Hankook Tire has installed an Audit Committee under the Commercial Law in accordance with the Articles of Association and Article 415-2 of the Commercial Act, and the method of composition, etc. are as follows:
- 1. Members of the Committee shall be appointed according to the resolutions of the General Shareholders' Meeting.
- 2. The Audit Committee shall consist of three or more directors.
- 3. No more than one-third of the Committee shall consist of persons who fall under any subparagraph in Article 415-2 of the Commercial Act.
- 4. When due to the resignation, death, etc. of a NED Committee member, the Committee does not meet the composition requirements under Paragraph 3, it shall satisfy the requirements at the first General Shareholders' Meeting that convenes after the occurrence of such event.
- (Duties and Authority)
- 1. The Committee shall audit the accounting and operations of the company.
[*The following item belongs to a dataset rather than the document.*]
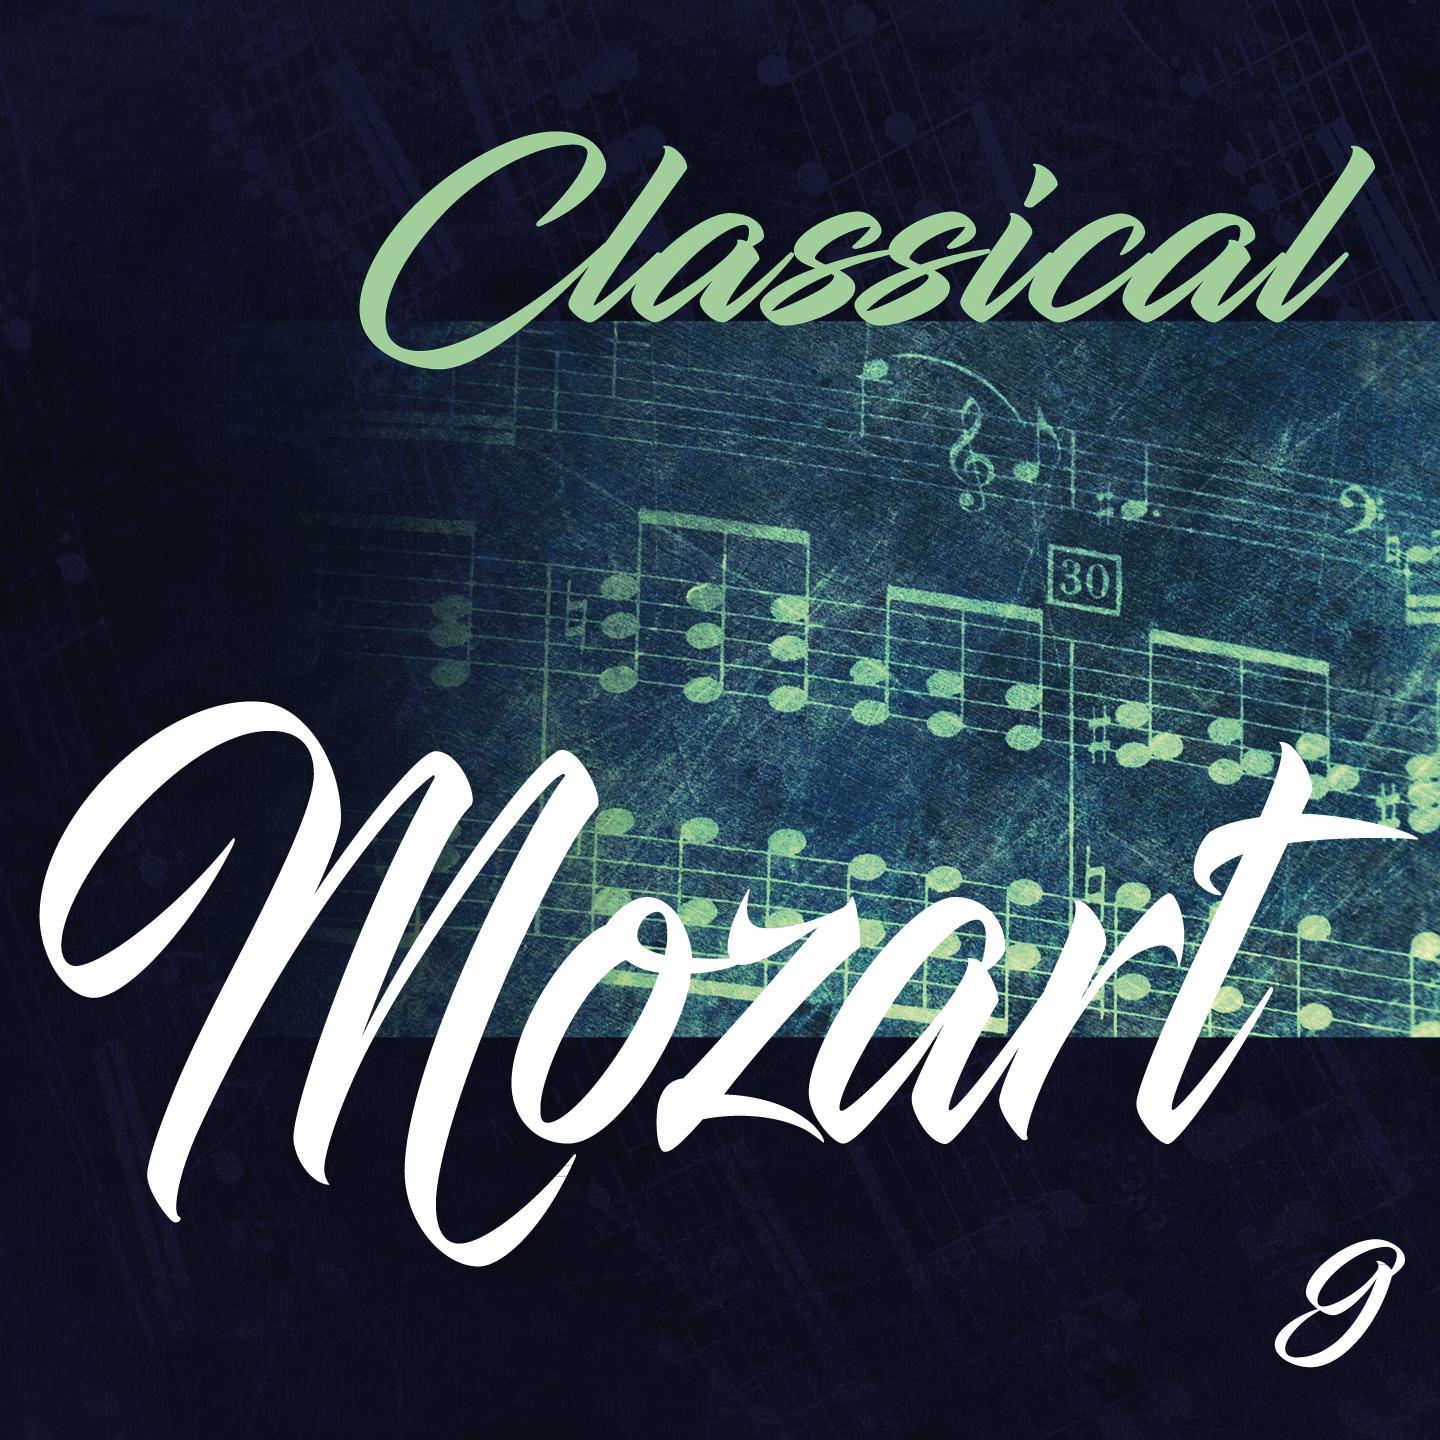 Classical Mozart 9

- 2. The Committee may at any time ask the directors for reports about the company's operation, or investigate the company's financial condition.
- 3. The Committee shall handle the items set forth in the laws and regulations other than those specified in Paragraph 1 or 2 above or in the Articles of Association, and the items delegated by the Board of Directors.
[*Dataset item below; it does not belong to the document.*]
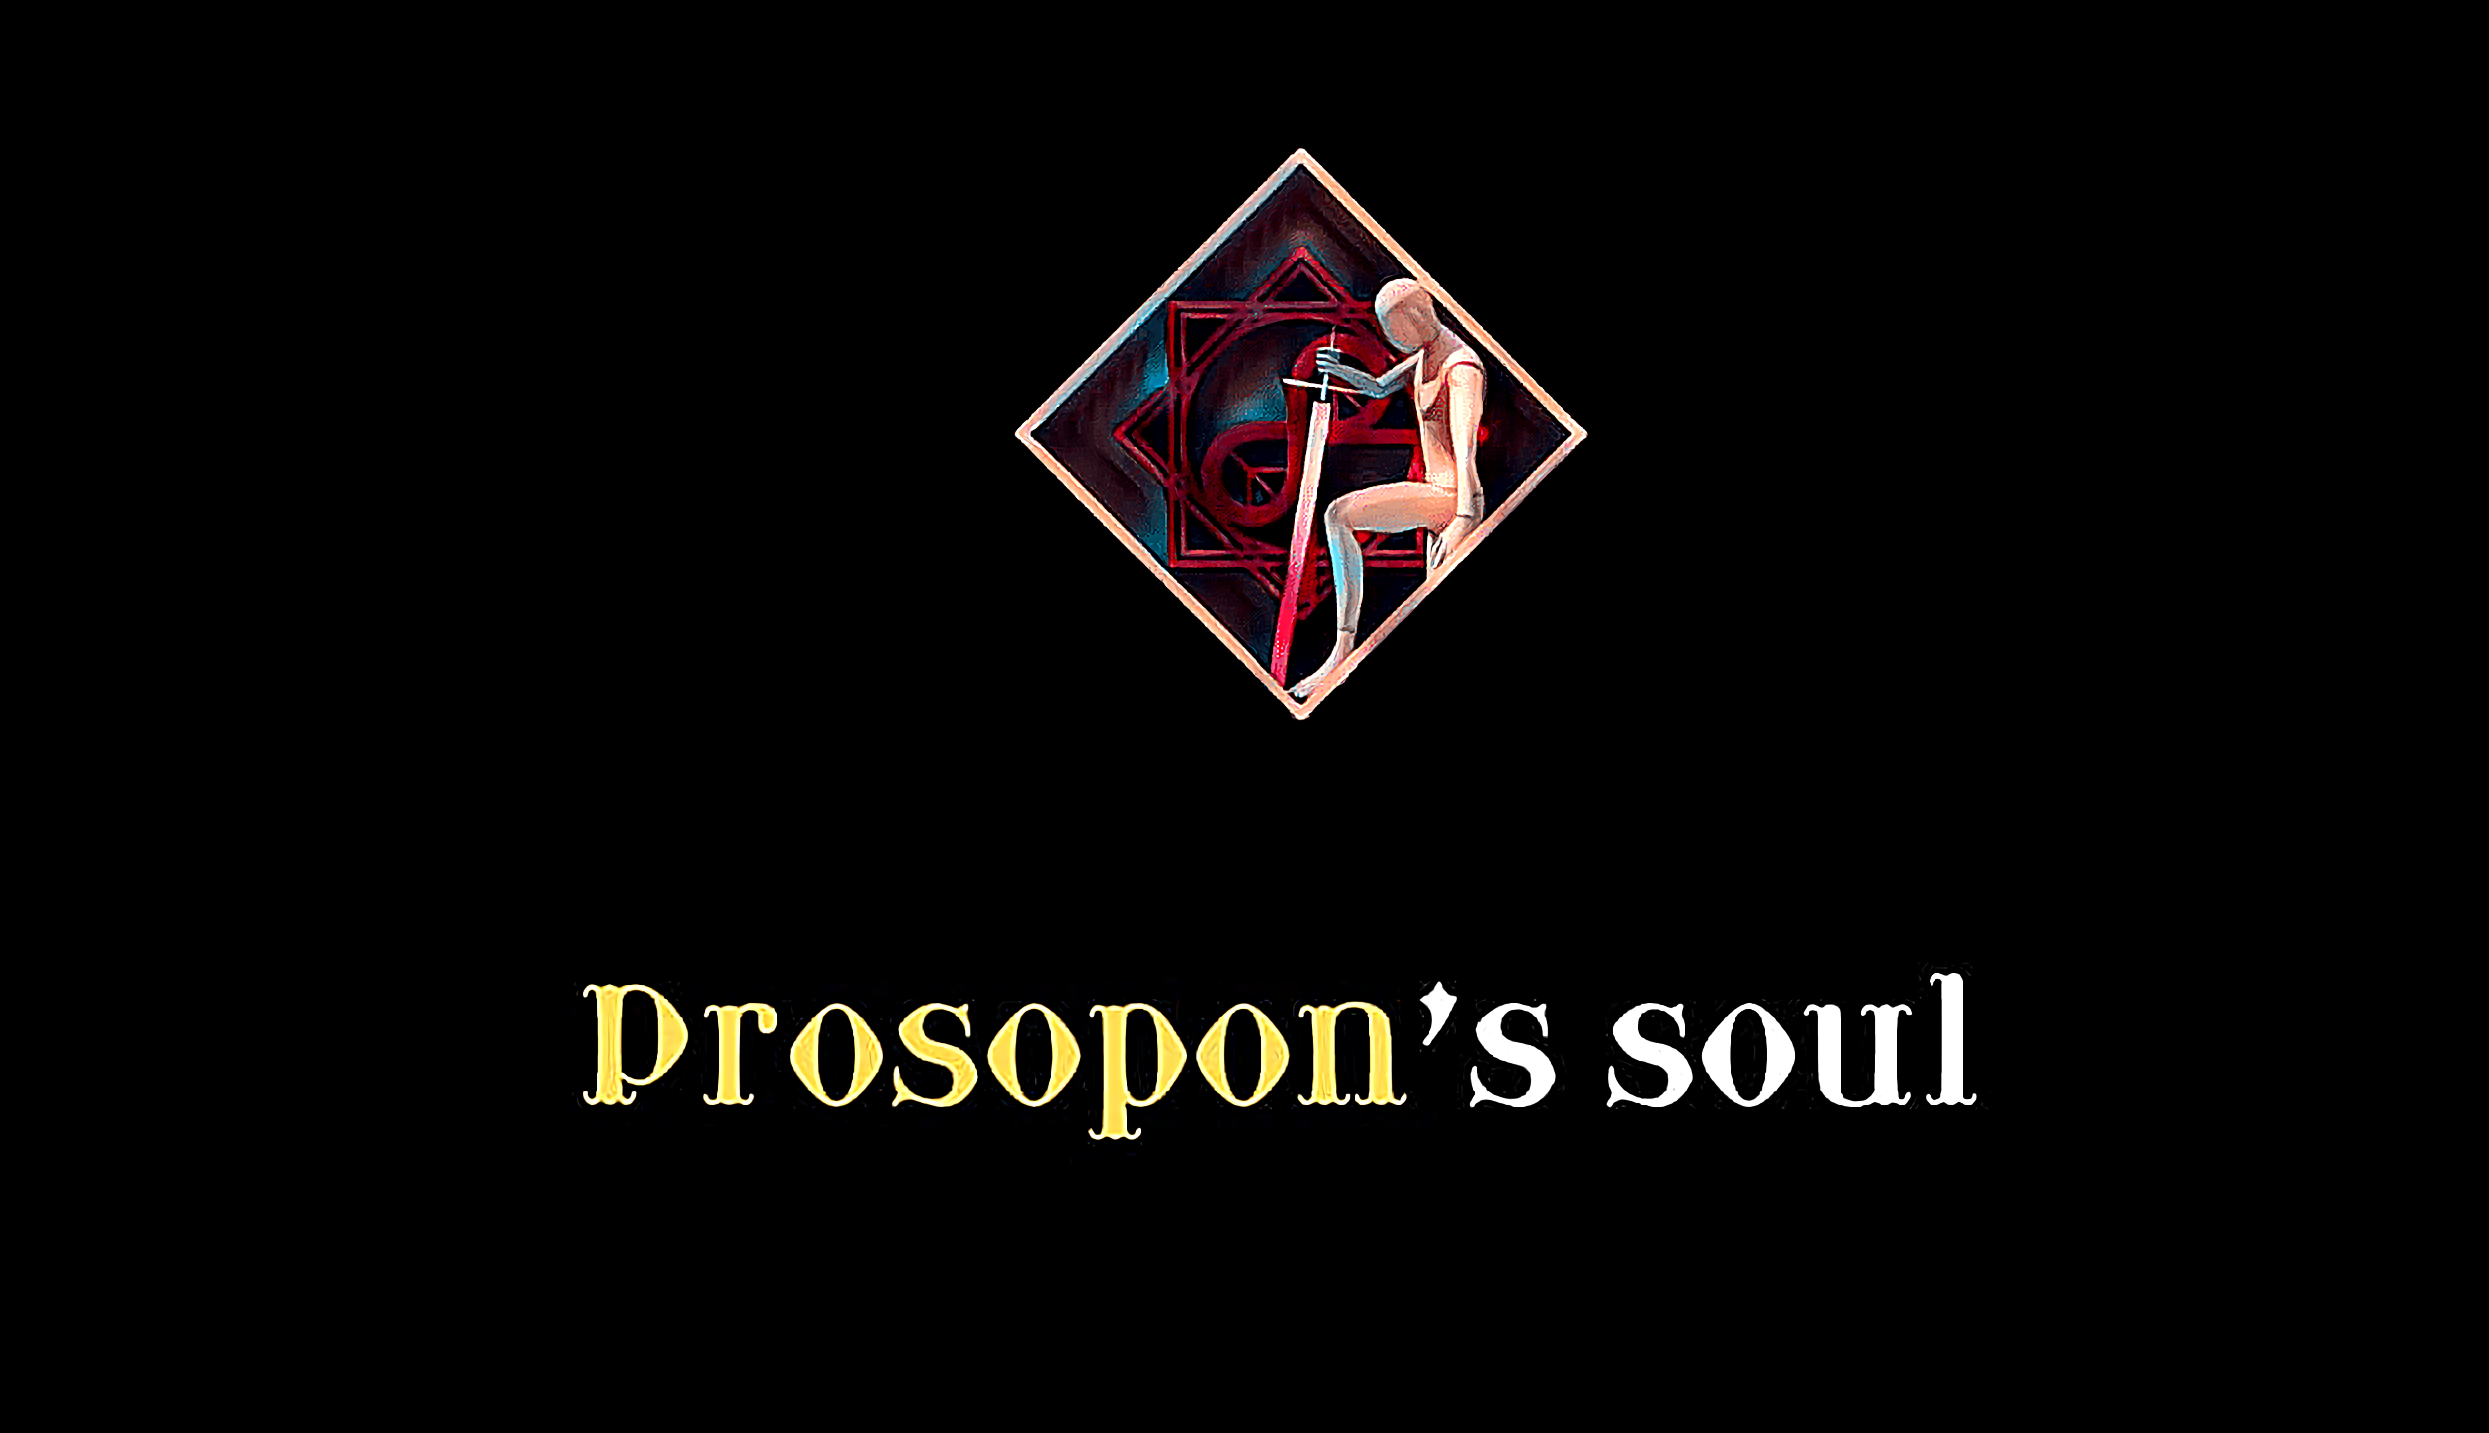 Prosopon's soul | Prologue

- (Method of Adopting Resolutions)
- A quorum for holding a meeting of the Board of Directors shall be a majority of all directors in office and all resolutions of the Board of Directors shall be adopted by the affirmative votes of a majority of directors present at the meeting. In this case, the Committee may allow all or some of the members to not attend the meeting in person, and to all participate in the resolution using telecommunication devices which simultaneously receive and send video and audio data; the members shall in this case be considered as having attended the meeting in person.
- (Committee Chairperson)
- 1. The Committee shall select its Representative Chairperson among outside directors upon the majority attendance of the members in office, and through the majority decision of the attendants. In this case, several members may be selected to represent the Committee together.
- 2. The Committee Chairperson shall preside over the Committee's operation, and may separate the functions of each member for the efficient operation of the Committee.
- 3. In the event of any accident to the Chairperson, a member decided by the Committee shall deputize him/her.
- 1. The Committee shall consist of a Regular Committee and a Temporary Committee.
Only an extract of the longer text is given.